I'd appreciate some feedback on whether or not I'm thinking about this problem correctly.
Show whether or not the subsets $Y \subset [0,1]\times[0,1] = X$ are open in $X$ when $X$ has the dictionary order topology. If $Y$ is open in $X$, express $Y$ as a union of basis elements. If $Y$ is not open in $X$, show that some point in $Y$ does not have a neighborhood in $Y$.
a) $(0,1)\times(0,1) \subset [0,1]\times[0,1]$
b) $(0,1)\times[0,1] \subset [0,1]\times[0,1]$
c) $[0,1]\times(0,1) \subset [0,1]\times[0,1]$
Since our set $X = [0,1]\times[0,1]$ has a least element $[0,0]$ and a greatest element $[1,1]$, then a basis $\mathcal B$ for the order topology on $X$ is $$\mathcal B = \{(x,y): x,y \in X, x < y\} \cup \{[0,y): y \in X\}\cup \{(x,1]: x \in X\}.$$
Thus,
a) $(0,1)\times(0,1)$ = $(0\times0, 1\times1)$
b) $(0,1)\times[0,1]$
not open since the smallest coordinate $0\times0$ does not have a neighborhood in $Y$, since the
x-coordinate of $0\times0$ is not in $Y$. Also, the largest coordinate $1\times1$ does not have a neighborhood in $Y$, since the $x$-coordinate of $1\times1$ is not in $Y$.
c) $[0,1]\times(0,1)$
not open since the smallest coordinate $0\times0$ does not have a neighborhood in $Y$, since the
$y$-coordinate of $0\times0$ is not in $Y$. Also, the largest coordinate $1\times1$ does not have a neighborhood in $Y$, since the $y$-coordinate of $1\times1$ is not in $Y$.
Best Answer
It looks to me as if you have a fundamental misunderstanding of some kind. In your answer to (b) you write:
This doesn’t make sense: $Y$ is a set of ordered pairs of real numbers, so individual coordinates of those ordered pairs can’t possibly be elements of $Y$. In any case the point $1\times 1$, or $\langle 1,1\rangle$ as I prefer to write it, isn’t in $Y=(0,1)\times[0,1]$ anyway, since its first coordinate isn’t in $(0,1)$, so whether $\langle 1,1\rangle$ has an open nbhd in $Y$ is irrelevant.

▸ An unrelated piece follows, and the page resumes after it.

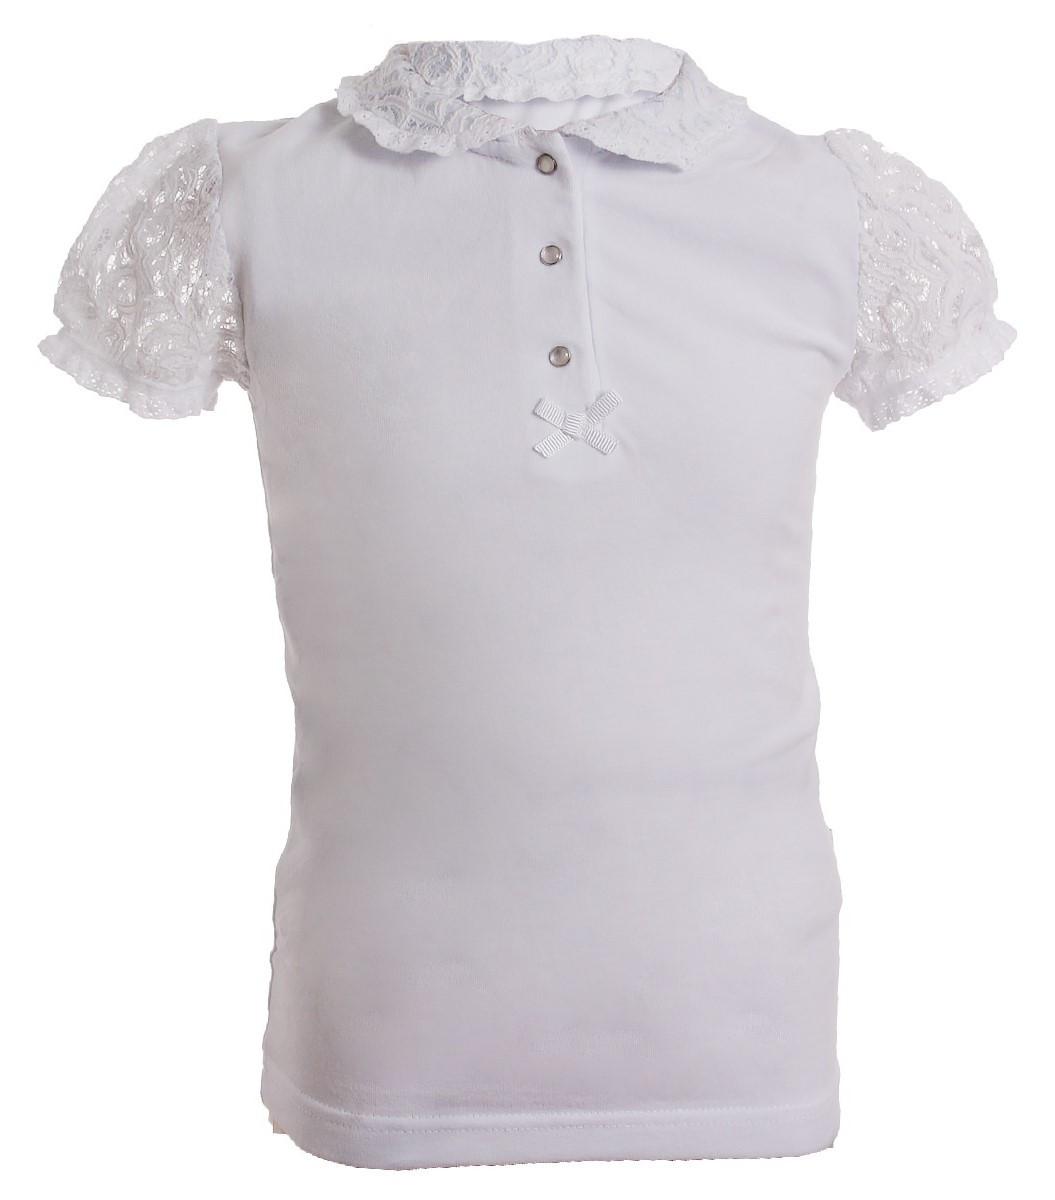 e1d5a3fcdf2 Школьная трикотажная блузка тм Smil с коротким рукавом р-р 116 ...

As it happens, $(0,1)\times[0,1]$ is open. For each $x\in\left(0,\frac12\right)$ try to sketch the open interval
$$\left(\left\langle x,\frac12\right\rangle,\left\langle 1-x,\frac12\right\rangle\right)\;,$$
or in your notation
$$\left(x\times\frac12,(1-x)\times\frac12\right)\;;$$
can you show that every point of $Y$ is in one of these open intervals, and that each interval is a subset of $Y$?
In (a) the set $Y=(0,1)\times(0,1)$ is indeed open, but it’s not equal to $(0\times 0,1\times 1)$: $(0\times 0,1\times 1)$ is all of $X$ except the two endpoints $\langle 0,0\rangle$ and $\langle 1,1\rangle$. HINT: Note that for each $x\in(0,1)$ the interval
$$\big(\langle x,0\rangle,\langle x,1\rangle\big)=(x\times 0,x\times 1)$$
is a subset of $Y$.
In (c) you’ve made the same error as in (b): it makes no sense to ask whether a coordinate of a point is in $Y$, and anyway the point $\langle 0,0\rangle$ isn’t in $Y$ in the first place. Do (a) first; once you’ve done it, this one should be pretty straightforward.